Рубка содрогнулась, сфера и все огни погасли. Вольева посмотрела на браслет и не удивилась, обнаружив, что корабль снова погружается в кататонию. Повсюду роботы бросали работу. Даже часть насосов отключилась – ощущалась перемена в многоголосом слитном гудении. Лабиринт коридоров теперь погрузится в темноту. Перестанут нормально работать лифты. В течение нескольких дней, а то и недель, простое выживание на борту потребует максимума усилий.
– Капитан, пожалуйста, поймите, – попросила Вольева тихо, не уверенная, что ее слушают, – я отсюда не уйду. И черные машины тоже.
Стоя в темноте, Вольева докурила сигарету, затем вынула фонарь, включила и покинула рубку.
Триумвиру предстояло много работы.
Ремонтуар стоял на клейкой поверхности кометы, где находился завод Скади, и махал рукой приближающемуся судну.

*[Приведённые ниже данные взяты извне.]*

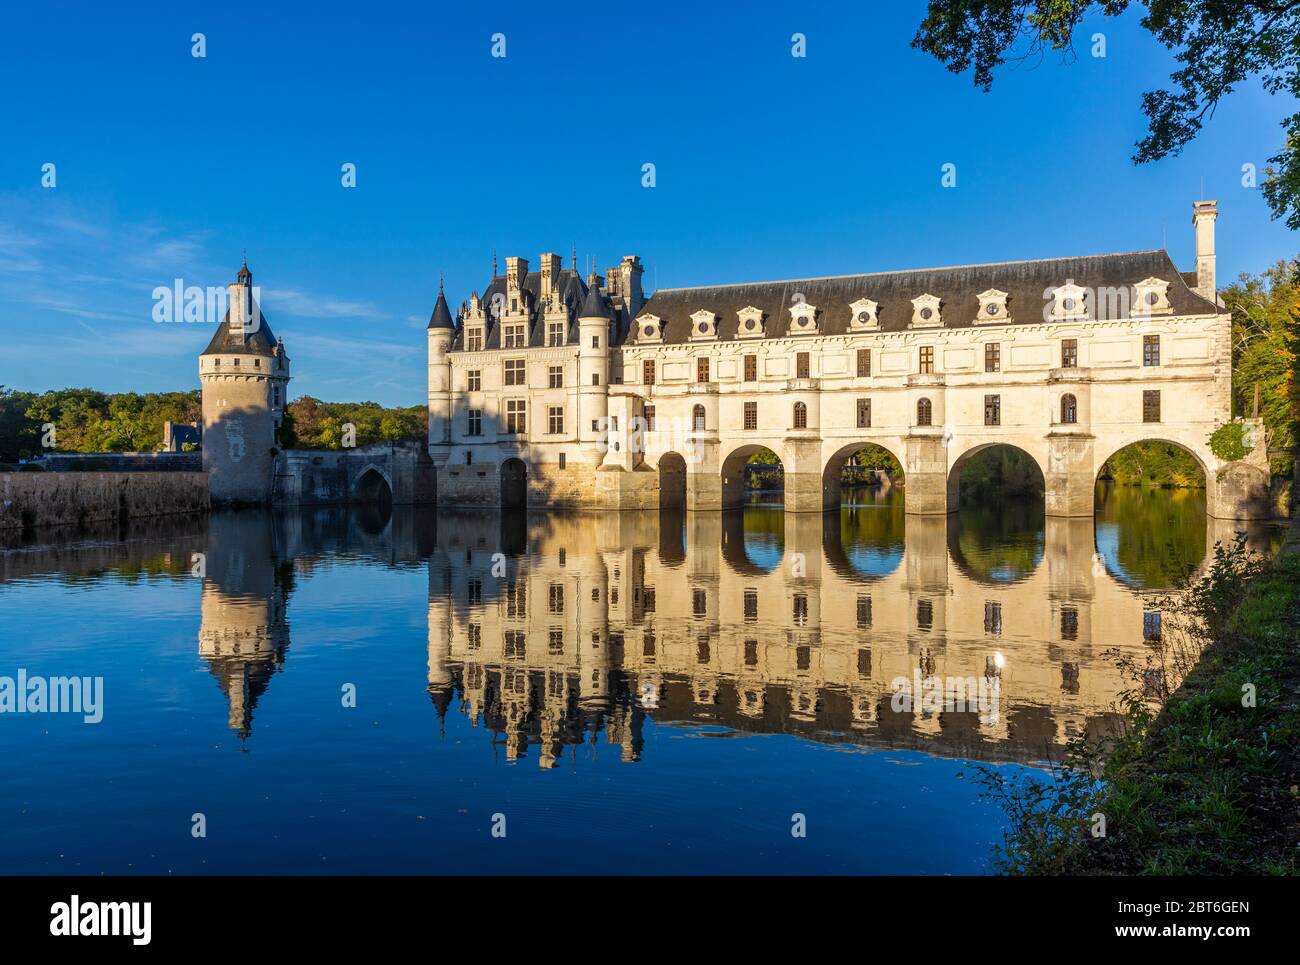 Vue sur le coucher du soleil sur le château romantique de Chenonceaux, l'un des châteaux les plus connus de la vallée de la Loire, en France Banque D'Images

Небольшое, чуть больше корвета, доставившего Ремонтуара на комету, оно двигалось медленно, опасаясь подлететь слишком близко к черной поверхности. Из корпуса торчали округлые башенки. Ремонтуар поморщился, когда по визору шлема скользнул красный луч прицельного лазера. Луч выписывал узоры на комете, проверяя, нет ли ловушек и мин.
– Вы сказали, что вас двое, – загудел в шлеме голос командира приближающегося судна. – Я вижу только одного.
– Скади ранена. Она сейчас внутри кометы, за ней ухаживает Главный конструктор. Зачем вы используете голосовую коммуникацию?
– Учитываю возможность ловушки.
– Я Ремонтуар. Вы меня не узнаете?
– Повернитесь налево, чтобы я мог видеть ваше лицо сквозь шлем.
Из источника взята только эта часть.